Christina M. Spiker

Christina M. Spiker

Art Historian | Professor | Digital Humanist

Public Lecture on Ainu Representation @ Macalester (9/19)

I couldn’t be more excited to be delivering a public lecture at Macalester College on September 19th. If you are interested in blending Art History, Asian Studies, and Indigenous Studies, I encourage you to come. My talk is titled “Indigenous Modernity in Hokkaido, Japan: the Complexities of Ainu Representation in Photography and Illustration” and is sponsored by the departments of Art and Art History, Asian Studies, and the Office of Academic Programs. The talk arises out of research completed for my dissertation and figures who I continue to grapple with. In addition to exploring the dominant images that forged the Ainu stereotype in the Euro-American imagination, I will be examining how Ainu producers of image and text—such as Takekuma Tokusaburō and Katahira Tomijirō—engaged with these dominant representations. I feel that understanding the gradual development of optical consistency from photographs to the illustrations based on them can better illuminate the calcification of Ainu stereotypes at home and abroad, as well as expand our understanding of photography as a visual medium in Meiji and Taishō Japan.

For those interested:

Title: “Indigenous Modernity in Hokkaido, Japan: the Complexities of Ainu Representation in Photography and Illustration”

Location: JBD Lecture Hall, Campus Center, Macalester College

Time: 6-7:30pm (talk followed by Q&A)

Threshold: Whispers of Fukushima @ St. Olaf (April 15, 6pm)

This Friday, director Toko Shiiki and composer Erik Santos will be screening and talking about their documentary Threshold: Whispers from Fukushima. If you are in the area, the event is free and open to public and will be followed by a Q&A and refreshments. Threshold is an award-winning documentary that examines the experience of several musicians from the Fukushima area after the earthquake, tsunami, and nuclear disasters of March 2011.

Date: 4/15/2016 (Friday)

Time: 6pm

Location: Tomson Hall 280, St.

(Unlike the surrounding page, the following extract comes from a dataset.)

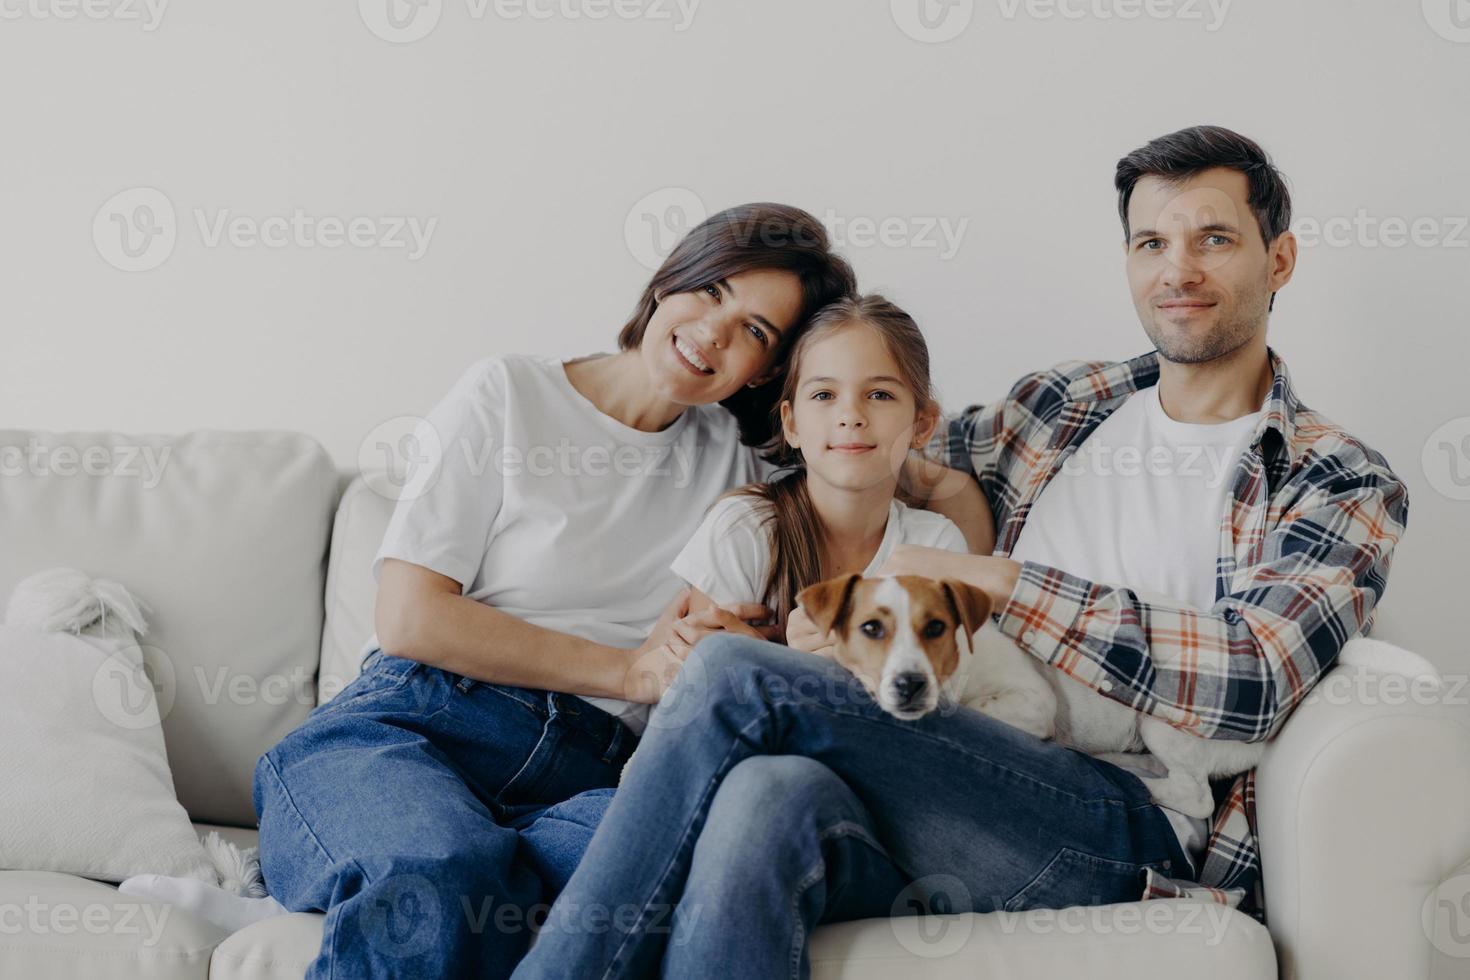 retrato de una familia afectuosa abrazada y sentada en el sofá de la sala de estar, cambiar su hogar, tener expresiones felices. padre, madre, hija y perro posan para hacer retratos, pasar un buen rato foto

Olaf College

Official Blurb: Director Toko Shiiki focuses on the role of music as a positive and unifying force that supports a recovering community. She writes, “Finding and nurturing one’s happiness to continue living a healthy life is a fundamental human concern. No matter where we live, we must face this. The people in Fukushima have such inspiring sounds and stories to share with the world. From these positive people, perhaps we might learn and remember something important and unexpected.”

Whether you are in Asian Studies, Environmental Studies, Film, Music, or Art — I think the film will bring a lot of unique perspectives. Congratulations to Kendra Strand for all of her hard work organizing. Hope to see you there!